Hong Kong, 18 Jan 2017 - In today's 2017 Policy Address, Hong Kong Chief Executive C.Y. Leung announced "The Government plans to introduce a bill into LegCo this year to amend the Inland Revenue Ordinance to offer tax concessions so as to attract companies to develop aircraft leasing business in Hong Kong."
Today's announcement is welcome and long-anticipated news for the aircraft leasing service industry. According to forecasts by Airbus, demand for new aircraft worldwide between now and 2035 will be 33,000 with a value of approximately US$5.2 trillion. 40% of new aircraft deliveries will be to the Asia Pacific region, compared to a combined total of 37% for new deliveries to Europe and North America. As a result, many lessors are looking to establish an Asian hub for their aircraft leasing business.
"Hong Kong is already a well-established financial centre in Asia," said Clarence Leung, Asset Finance and Leasing Director at PwC Hong Kong. "Aircraft finance and leasing will be an additional piece of the jigsaw of financial services in the territory.
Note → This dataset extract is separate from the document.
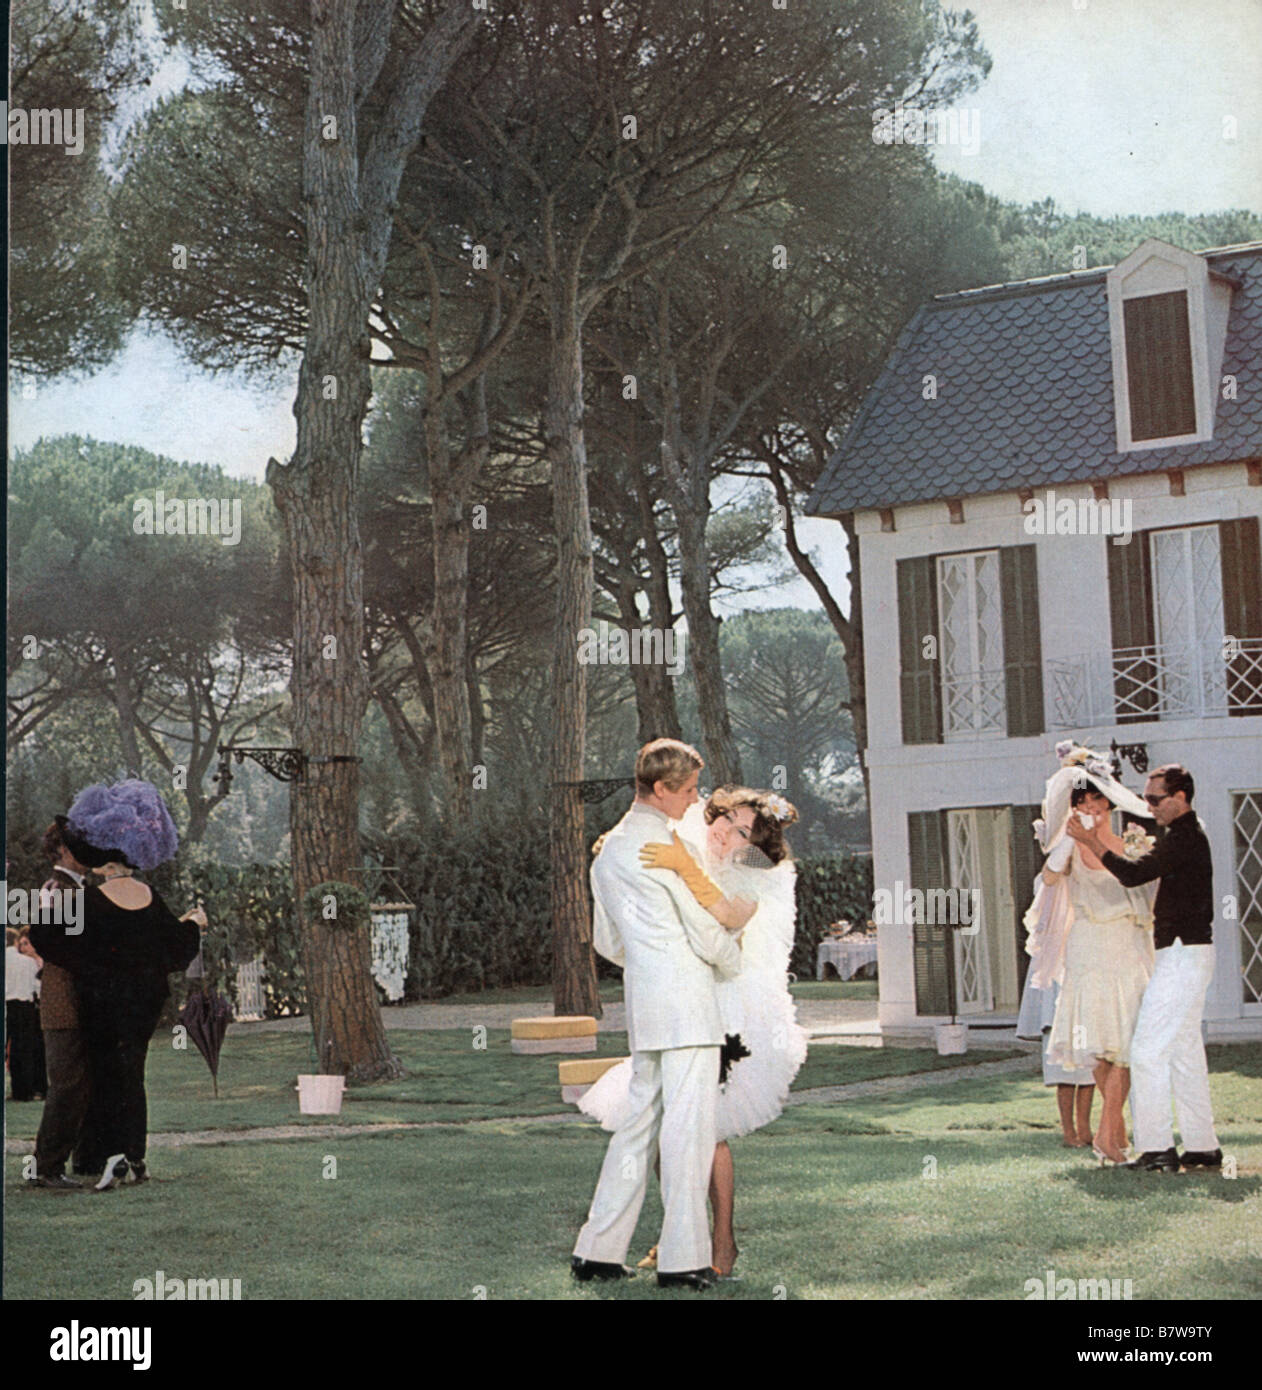 Giulietta degli spiriti Año: 1965 - Italia Director: Federico Fellini Foto de stock

It will provide new job opportunities and attract highly skilled people to Hong Kong."
PwC believes it is important that the proposed new tax concessions are competitive relative to other aircraft leasing hubs, such as Ireland and Singapore, in order to attract aircraft lessors to Hong Kong. "Many countries are now putting the OECD's Base Erosion and Profit Shifting (BEPS) initiatives into place as they reform their domestic tax legislation," said Catherine Tsang, Tax Partner at PwC Hong Kong. "It is vital that the proposed new tax concessions in Hong Kong are BEPS-compliant in order to ensure that they are well received by the international tax community."